The report notes with regrets that the world's primary intervention in Sudan continues to be humanitarian and the provision of relief aid which, although it literally saves lives, does little if anything to address the reasons why Sudan needs aid in the first place.
Provision of food aid alone is “like fattening a cow for slaughter,” the report quotes Bishop Taban as saying.

Late last year, ICCAF petitioned the Canadian Minister for Foreign affairs, Hon Lloyld Axworthy, regarding the activities of the Canadian company, Talisman Energy Inc. in Sudan.
The petition questioned the justification of the company's partnership with the Government of Sudan, which stands accused of genocide, among a host of other crimes against humanity.

Charles Omondi

Mysterious epidemic ravages Sudan

A mysterious epidemic is spreading like a wild fire, claiming hundreds of lives in southern Sudan's Lakes Province and Yirol County.
The newly-appointed Catholic Bishop of the Diocese of Rumbek, Monsignor Ceasar Mazzolari said in Nairobi the epidemic was first reported in December last year but so far there has been no international intervention to bring it under control. Bishop Mazzolari was speaking on arrival from an extensive tour of the war-torn expansive state.

The symptoms of the killer-disease, said the Comboni missionary, are headache, diarrhoea and intestinal complications, which in the eyes of a layman, may appear like malaria.
“It is highly contagious epidemic and kills its victims within 24 hours,” said Mazzolari, pointing out that in the month of January alone, the epidemic claimed 580 lives”
“The figure could be much higher because the above cases were only in the central areas accessible to our personnel,” he said.

“The situation is distressing as the disease is spreading fast in the extremely harsh climatic conditions.
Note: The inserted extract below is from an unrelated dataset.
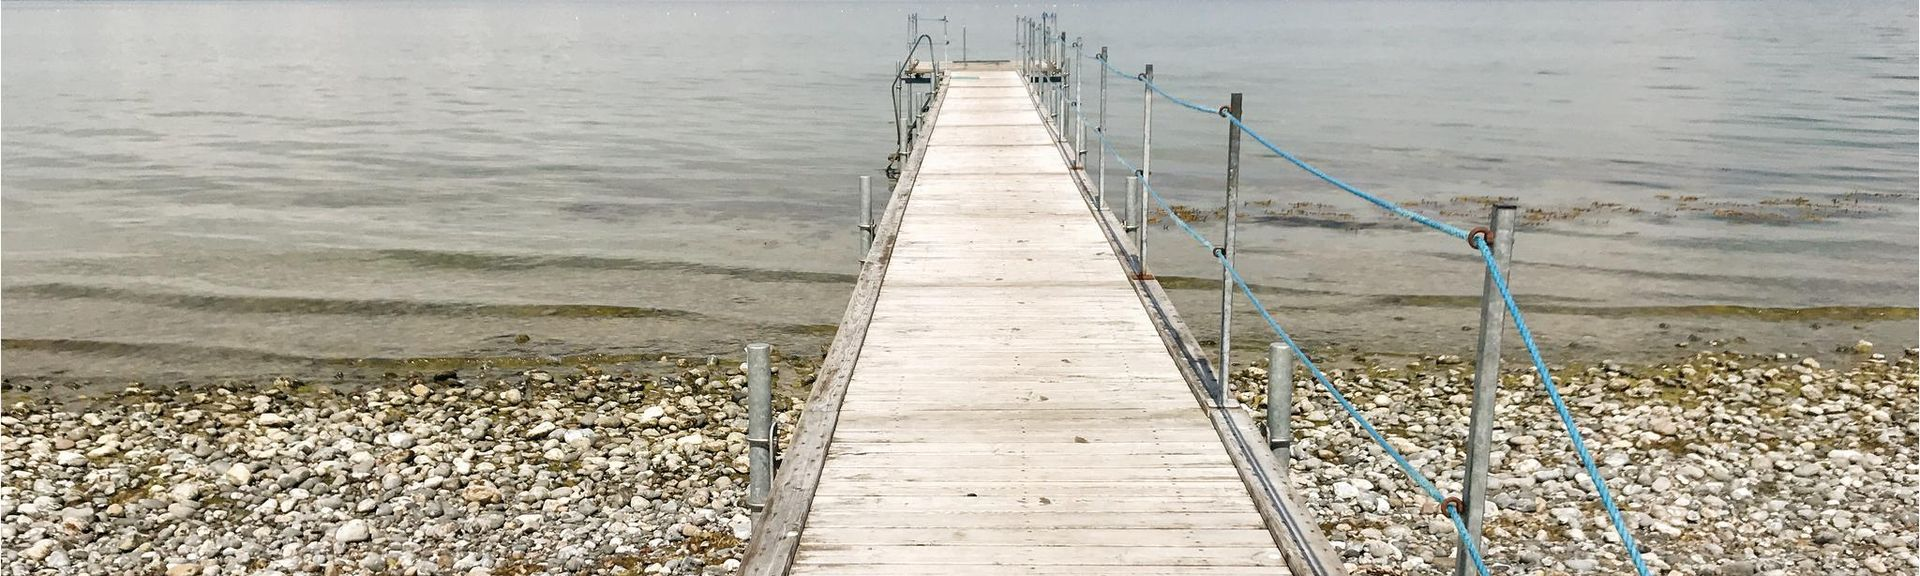 Solrod Strand, Regio Seeland, Denemarken

The lack of water has further complicated matters”
Bishop Mazzolari identified the worst hit areas as Rumbek, Cuibet, Tonj, Thiet, Yirol, Agangrial, and Wulu, an area of about 45,000 square kilometres.
He said the diocesan health co-ordinator, Dr Brigitte Bayer of Malterser (A German Non-Governmental Organisation), has already notified his counterpart at the Sudan Relief and Rehabilitation Association (SRRA) Dr Valerio Ahou about the situation.

“I believe they have proceeded to inform UNICEF though there has been no response so far,” he said. Together with the Sudanese People's Liberation Army (SPLA) commissioner of Rumbek, Paul Mayom, and SPLA health co-ordinator Dr Samuel Mayak, Bishop Mazzolari appealed for immediate intervention from anywhere to help avert further crisis.
“My office is ready and willing to give any support within our means to any organisation or individual willing to help fight the epidemic'' Mazzolari said.